* Your objective *
Please repeat, from the entries that follow, the lines from the one containing "Kunoichi No Ichi! No Ni - 8 page 9-2c21de8a" through the one containing "American Girl bath Tub Set" exactly, adding nothing.

* Material for this exercise *
=== Begin Enclosure ===

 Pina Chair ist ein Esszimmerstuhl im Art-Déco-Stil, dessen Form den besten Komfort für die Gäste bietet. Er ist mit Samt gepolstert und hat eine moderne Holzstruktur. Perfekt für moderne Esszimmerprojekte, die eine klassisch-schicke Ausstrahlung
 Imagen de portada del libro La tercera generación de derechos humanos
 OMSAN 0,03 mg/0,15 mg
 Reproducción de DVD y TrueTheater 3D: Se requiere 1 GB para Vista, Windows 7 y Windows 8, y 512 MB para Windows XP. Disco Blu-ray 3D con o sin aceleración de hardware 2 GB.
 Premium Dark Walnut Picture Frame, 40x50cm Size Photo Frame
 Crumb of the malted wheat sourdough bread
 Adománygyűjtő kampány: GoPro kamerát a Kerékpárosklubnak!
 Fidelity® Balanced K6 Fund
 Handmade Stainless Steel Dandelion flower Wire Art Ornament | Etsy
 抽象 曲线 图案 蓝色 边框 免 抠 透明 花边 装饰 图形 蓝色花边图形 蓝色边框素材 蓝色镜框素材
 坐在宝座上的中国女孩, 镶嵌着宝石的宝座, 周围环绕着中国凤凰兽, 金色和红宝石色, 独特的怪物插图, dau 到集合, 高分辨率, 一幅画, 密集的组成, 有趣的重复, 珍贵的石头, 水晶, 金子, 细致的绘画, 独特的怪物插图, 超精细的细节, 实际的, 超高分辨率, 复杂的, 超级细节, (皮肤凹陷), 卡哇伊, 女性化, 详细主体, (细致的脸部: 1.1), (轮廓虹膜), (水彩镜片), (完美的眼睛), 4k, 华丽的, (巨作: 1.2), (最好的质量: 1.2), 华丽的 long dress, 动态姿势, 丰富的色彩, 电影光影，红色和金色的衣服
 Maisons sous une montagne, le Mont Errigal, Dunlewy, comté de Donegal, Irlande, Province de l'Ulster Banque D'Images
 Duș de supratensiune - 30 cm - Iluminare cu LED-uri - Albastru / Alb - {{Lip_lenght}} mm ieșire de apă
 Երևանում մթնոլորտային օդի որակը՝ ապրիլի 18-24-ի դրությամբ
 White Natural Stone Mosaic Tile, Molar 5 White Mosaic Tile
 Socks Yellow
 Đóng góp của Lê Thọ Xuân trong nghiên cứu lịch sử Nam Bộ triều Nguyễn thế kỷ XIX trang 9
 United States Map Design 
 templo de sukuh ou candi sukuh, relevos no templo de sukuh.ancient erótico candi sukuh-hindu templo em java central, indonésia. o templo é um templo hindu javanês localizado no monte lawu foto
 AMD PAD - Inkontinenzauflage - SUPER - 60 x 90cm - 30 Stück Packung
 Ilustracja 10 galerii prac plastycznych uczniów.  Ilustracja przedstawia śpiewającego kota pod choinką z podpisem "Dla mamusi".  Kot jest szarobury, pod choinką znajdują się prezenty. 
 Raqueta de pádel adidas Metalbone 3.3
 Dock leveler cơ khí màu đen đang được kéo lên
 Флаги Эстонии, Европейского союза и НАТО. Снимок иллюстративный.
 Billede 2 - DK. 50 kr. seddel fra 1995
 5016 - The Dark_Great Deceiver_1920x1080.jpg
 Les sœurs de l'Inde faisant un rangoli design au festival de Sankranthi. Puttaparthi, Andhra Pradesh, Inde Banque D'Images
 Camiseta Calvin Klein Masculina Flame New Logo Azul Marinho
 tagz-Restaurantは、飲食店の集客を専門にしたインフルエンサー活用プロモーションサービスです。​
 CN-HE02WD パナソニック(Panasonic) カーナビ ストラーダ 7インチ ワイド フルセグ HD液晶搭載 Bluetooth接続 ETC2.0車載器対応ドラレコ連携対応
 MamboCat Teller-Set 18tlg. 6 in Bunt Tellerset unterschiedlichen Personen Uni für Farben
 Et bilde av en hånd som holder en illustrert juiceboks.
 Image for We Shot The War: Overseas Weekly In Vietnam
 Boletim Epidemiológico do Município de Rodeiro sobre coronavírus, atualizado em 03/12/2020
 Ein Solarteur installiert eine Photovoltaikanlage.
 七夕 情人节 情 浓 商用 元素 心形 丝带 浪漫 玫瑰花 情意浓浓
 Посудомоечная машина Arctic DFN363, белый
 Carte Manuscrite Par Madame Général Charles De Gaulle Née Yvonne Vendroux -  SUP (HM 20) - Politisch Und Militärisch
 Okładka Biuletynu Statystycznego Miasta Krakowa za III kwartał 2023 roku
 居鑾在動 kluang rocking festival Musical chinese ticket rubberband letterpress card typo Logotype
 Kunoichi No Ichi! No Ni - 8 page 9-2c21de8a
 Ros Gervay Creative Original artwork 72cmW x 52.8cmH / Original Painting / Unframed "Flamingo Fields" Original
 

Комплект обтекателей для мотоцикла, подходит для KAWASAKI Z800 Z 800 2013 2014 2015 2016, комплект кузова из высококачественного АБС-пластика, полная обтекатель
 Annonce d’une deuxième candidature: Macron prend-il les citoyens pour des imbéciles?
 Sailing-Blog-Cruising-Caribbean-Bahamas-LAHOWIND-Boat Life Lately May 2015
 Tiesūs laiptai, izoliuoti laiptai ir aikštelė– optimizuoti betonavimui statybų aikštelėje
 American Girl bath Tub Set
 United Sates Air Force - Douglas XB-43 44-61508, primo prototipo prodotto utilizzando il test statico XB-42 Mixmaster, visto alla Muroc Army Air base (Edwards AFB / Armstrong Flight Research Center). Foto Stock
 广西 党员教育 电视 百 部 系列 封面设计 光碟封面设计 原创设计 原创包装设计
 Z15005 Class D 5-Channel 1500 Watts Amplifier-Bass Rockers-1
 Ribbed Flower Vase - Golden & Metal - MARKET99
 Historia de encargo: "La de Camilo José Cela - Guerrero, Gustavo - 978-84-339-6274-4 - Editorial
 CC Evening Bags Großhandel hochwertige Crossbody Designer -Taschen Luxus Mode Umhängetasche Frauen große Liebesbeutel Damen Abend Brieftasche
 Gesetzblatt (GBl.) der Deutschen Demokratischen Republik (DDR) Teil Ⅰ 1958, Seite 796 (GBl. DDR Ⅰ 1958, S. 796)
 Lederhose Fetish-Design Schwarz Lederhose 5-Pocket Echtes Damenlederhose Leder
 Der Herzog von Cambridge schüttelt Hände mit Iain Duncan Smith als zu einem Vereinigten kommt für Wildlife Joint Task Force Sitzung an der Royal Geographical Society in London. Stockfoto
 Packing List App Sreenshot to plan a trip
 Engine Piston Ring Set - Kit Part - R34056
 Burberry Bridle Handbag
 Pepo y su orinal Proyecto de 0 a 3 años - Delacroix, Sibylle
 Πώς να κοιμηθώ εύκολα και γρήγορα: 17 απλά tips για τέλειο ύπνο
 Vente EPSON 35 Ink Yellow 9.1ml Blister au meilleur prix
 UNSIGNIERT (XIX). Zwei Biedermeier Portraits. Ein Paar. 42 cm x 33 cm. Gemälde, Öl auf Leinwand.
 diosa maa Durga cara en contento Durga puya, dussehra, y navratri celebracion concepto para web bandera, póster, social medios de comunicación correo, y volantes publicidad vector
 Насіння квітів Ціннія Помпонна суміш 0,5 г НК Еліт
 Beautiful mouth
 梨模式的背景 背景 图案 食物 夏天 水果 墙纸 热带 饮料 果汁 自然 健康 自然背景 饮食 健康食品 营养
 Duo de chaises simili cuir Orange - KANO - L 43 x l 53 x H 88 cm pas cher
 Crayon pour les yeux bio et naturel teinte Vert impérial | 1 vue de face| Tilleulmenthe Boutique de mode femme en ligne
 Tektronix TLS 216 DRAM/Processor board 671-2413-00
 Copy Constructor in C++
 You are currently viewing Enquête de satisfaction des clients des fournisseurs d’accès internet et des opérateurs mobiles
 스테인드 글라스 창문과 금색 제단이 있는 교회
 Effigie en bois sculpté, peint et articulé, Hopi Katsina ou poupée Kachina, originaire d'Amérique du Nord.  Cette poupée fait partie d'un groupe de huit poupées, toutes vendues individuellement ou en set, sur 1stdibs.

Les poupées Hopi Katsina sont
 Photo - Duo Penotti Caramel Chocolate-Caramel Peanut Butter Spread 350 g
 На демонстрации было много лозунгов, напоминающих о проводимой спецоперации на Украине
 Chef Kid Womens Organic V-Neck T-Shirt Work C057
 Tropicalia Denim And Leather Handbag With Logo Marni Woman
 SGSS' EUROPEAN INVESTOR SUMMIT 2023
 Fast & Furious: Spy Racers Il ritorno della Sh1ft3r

=== End Enclosure ===

* Response to this task *
 Kunoichi No Ichi! No Ni - 8 page 9-2c21de8a
 Ros Gervay Creative Original artwork 72cmW x 52.8cmH / Original Painting / Unframed "Flamingo Fields" Original
 

Комплект обтекателей для мотоцикла, подходит для KAWASAKI Z800 Z 800 2013 2014 2015 2016, комплект кузова из высококачественного АБС-пластика, полная обтекатель
 Annonce d’une deuxième candidature: Macron prend-il les citoyens pour des imbéciles?
 Sailing-Blog-Cruising-Caribbean-Bahamas-LAHOWIND-Boat Life Lately May 2015
 Tiesūs laiptai, izoliuoti laiptai ir aikštelė– optimizuoti betonavimui statybų aikštelėje
 American Girl bath Tub Set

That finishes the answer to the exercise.